DVD

Test of Faith

Test of Faith
Test Of Faith
Arthur Jones
01 January, 2010 3 min read

Test of Faith is a course promoting acceptance of modern secular science, in general, and theistic evolution, in particular. It is designed for use with small groups of non-specialist Christians, such as church home groups.

Spiritual journeys with Scientists is similar to the book Real Scientists, Real Faith (Ed., R. J. Berry, Monarch Books) and there is a small overlap of authors (Francis Collins, Alister McGrath). The DVD has interviews with key scientists in the main programme.

As far as I know, these scientists are all theistic evolutionists and, clearly, a major aim of the project is to present these prominent scientists as people of real Christian faith and thereby commend their theistic evolution position. Scientists who are creationists or proponents of Intelligent Design (ID) were not invited to contribute.

The main part of the DVD comprises three sections: Part 1, ‘Beyond reason?’ focuses on cosmology and contains much that evangelical Christians are likely to agree with. It affirms the Christian roots of modern science (especially the intelligibility of the universe) and the consistency of fine-tuning arguments with belief in God.

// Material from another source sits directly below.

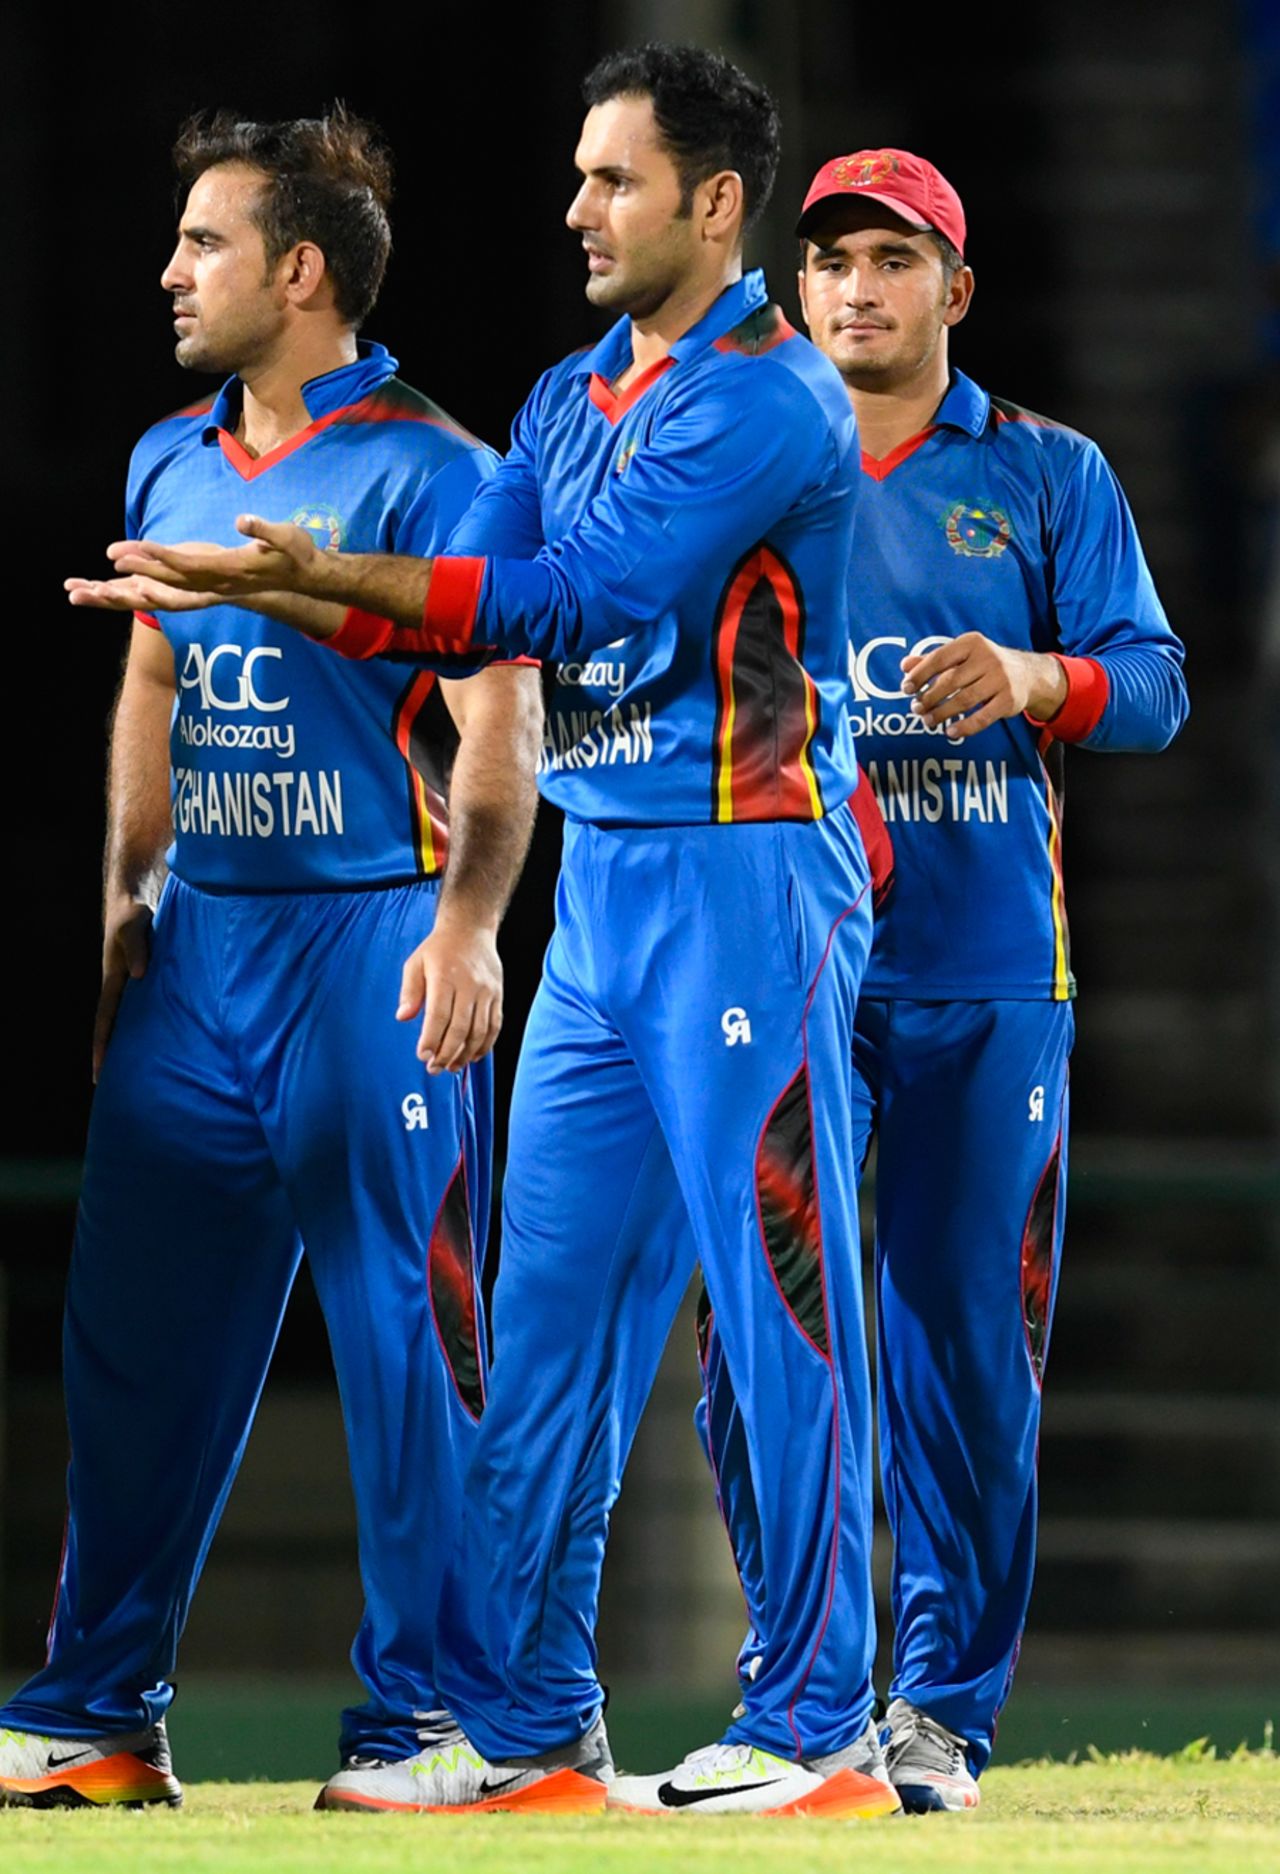 Mohammad Nabi celebrates a wicket with his team-mates, WICB President's XI v Afghanistan, warm-up T20I, St Kitts, May 30, 2017
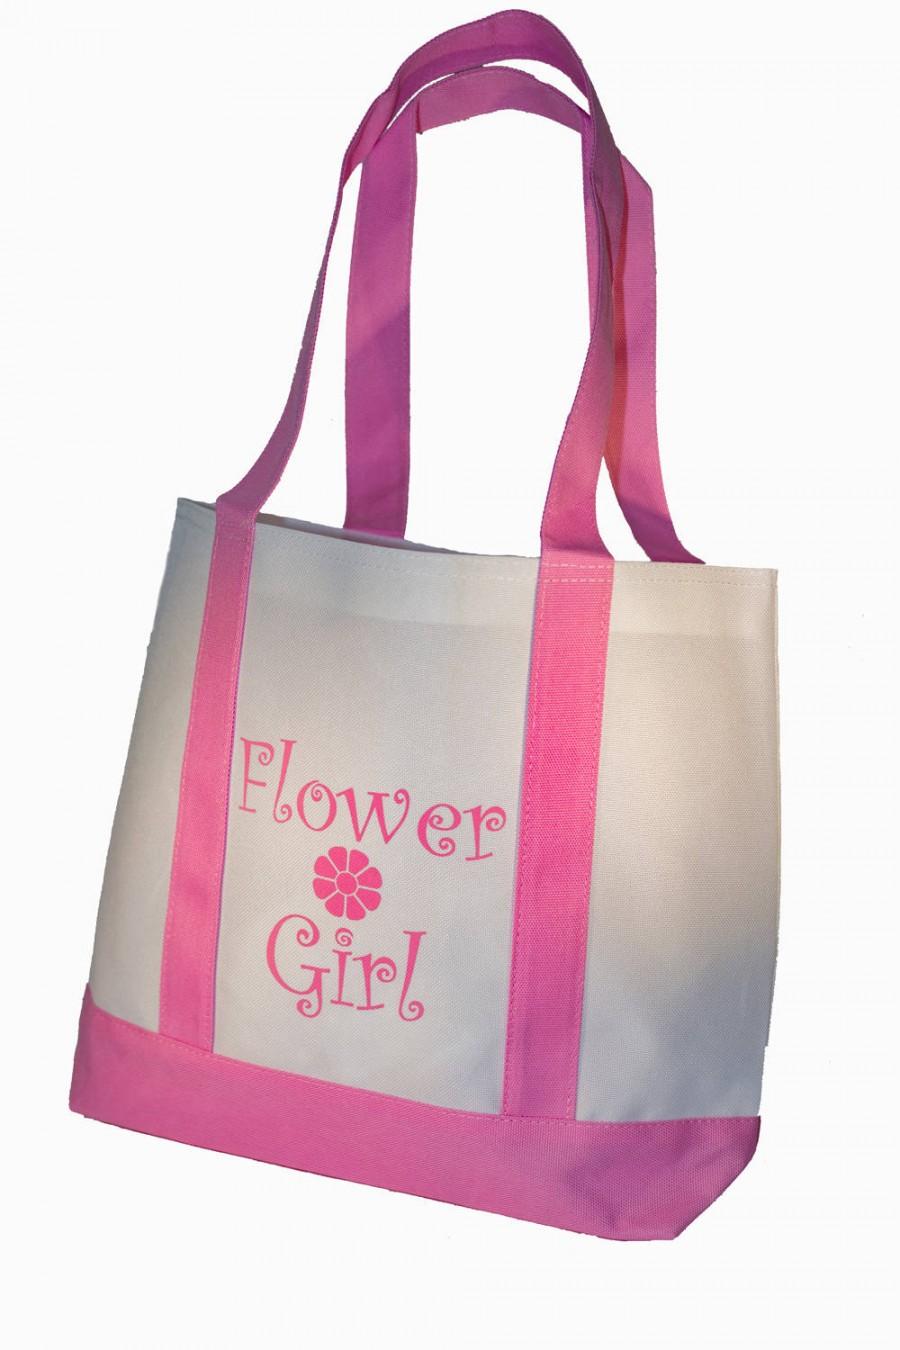 Wedding - Flower Girl Tote Bag with Pink Straps Wedding Flower Girl Gifts Free Shipping

Part 2, ‘An accident in the making?’ is where there will be most disagreement. Creationism and ID are introduced by Paul Taylor and William Dembski respectively, but are misrepresented and dismissed by all the other contributors. Paradoxically, however much he rejects the label and attacks ID, Cambridge professor Simon Conway Morris’ contribution is mainstream ID!

This session also deals with the problem of evil –– the waste, extinction, destruction, violence, suffering associated with the Darwinian processes and how this can be reconciled with a God of love. This is really the weakest part of the whole programme and the theistic evolutionists flounder. All they suggest is that this was the only way God could do it.

Part 3, ‘Is anybody there?’ deals with the challenge from (secular) neuroscience: Are we just sophisticated chemical machines running on rails laid down by our biology (or biochemistry)? Computers made of meat?

Insofar as this section is critiquing materialistic science, there is little to disagree with. What is frustrating is that here we have clear evidence of the way in which worldview (metaphysical) commitments bias science, yet no one explains what is happening or draws out implications for the rest of the programme.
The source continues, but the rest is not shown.